Chapter 03 — Analysis → Plan → Delivery
The transformation engine — how UIAO turns an assessment into governed change on the target surface
Chapter 03 — Analysis → Plan → Delivery
The transformation engine

UIAO turns an AD assessment into a delivered Hybrid-Cloud change through three sequential stages: Analyze, Plan, Deliver. Each stage produces a signed, versioned artifact in Gitea. Each stage has a distinct brain (Copilot or Execution Substrate) and a distinct authorization gate. Nothing skips a stage. Nothing touches the target surface without a plan. No plan touches the target surface without authorization.

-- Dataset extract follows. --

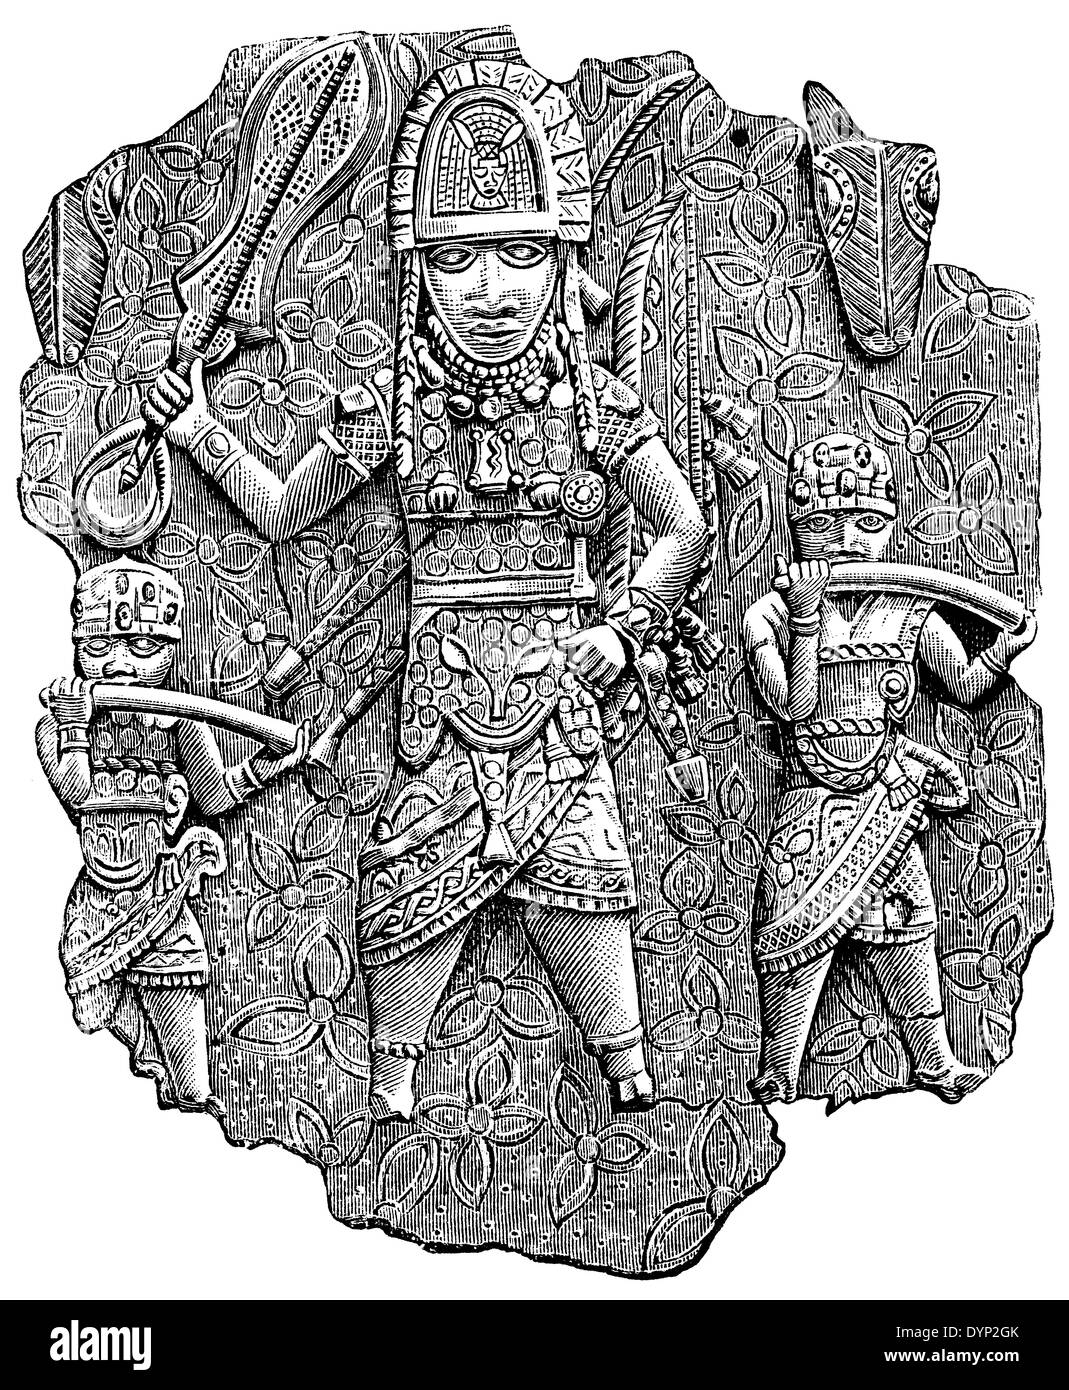 Relief en bronze, Bénin, illustration de l'Encyclopédie Soviétique, 1926 Banque D'Images

Why three stages (not one)
The obvious alternative — “scan the forest, apply the changes” — is how most modernization tools work. It fails for three reasons:
- Changes aren’t reviewable. A tool that reads and writes in one pass gives an operator no chance to inspect what is about to happen.
- Provenance is thin. If the scan drifts between read and write, the resulting change is attributed to a phantom input.
- Rollback is impossible. Without a materialised plan, there is no diff to invert.
Separating Analyze, Plan, and Deliver gives UIAO three review gates, three audit trails, and three named artifacts per run. This is what “governed modernization” means in practice.
Stage 1 — Analyze
Input: the raw assessment artifact set from Chapter 02. Output: a normalized analysis report + a proposed change set. Brain: Copilot (governance).
The Analyze stage reads the eleven ingestion streams and produces four derivative artifacts, each stored in Gitea under plans/<plan-id>/analysis/:
- Current-state graph. A normalized representation of the forest — OUs, users, computers, groups, GPO links, trust edges, SPN map — in a single graph (Python
networkxor equivalent). This is the input to every downstream decision. - Target-state graph. The proposed Hybrid-Cloud equivalent — OrgPath hierarchy, dynamic group rule set, Administrative Unit map, Conditional Access targeting, Intune compliance groupings, Azure Arc tag set, IPAM record set. This is what the finished state looks like.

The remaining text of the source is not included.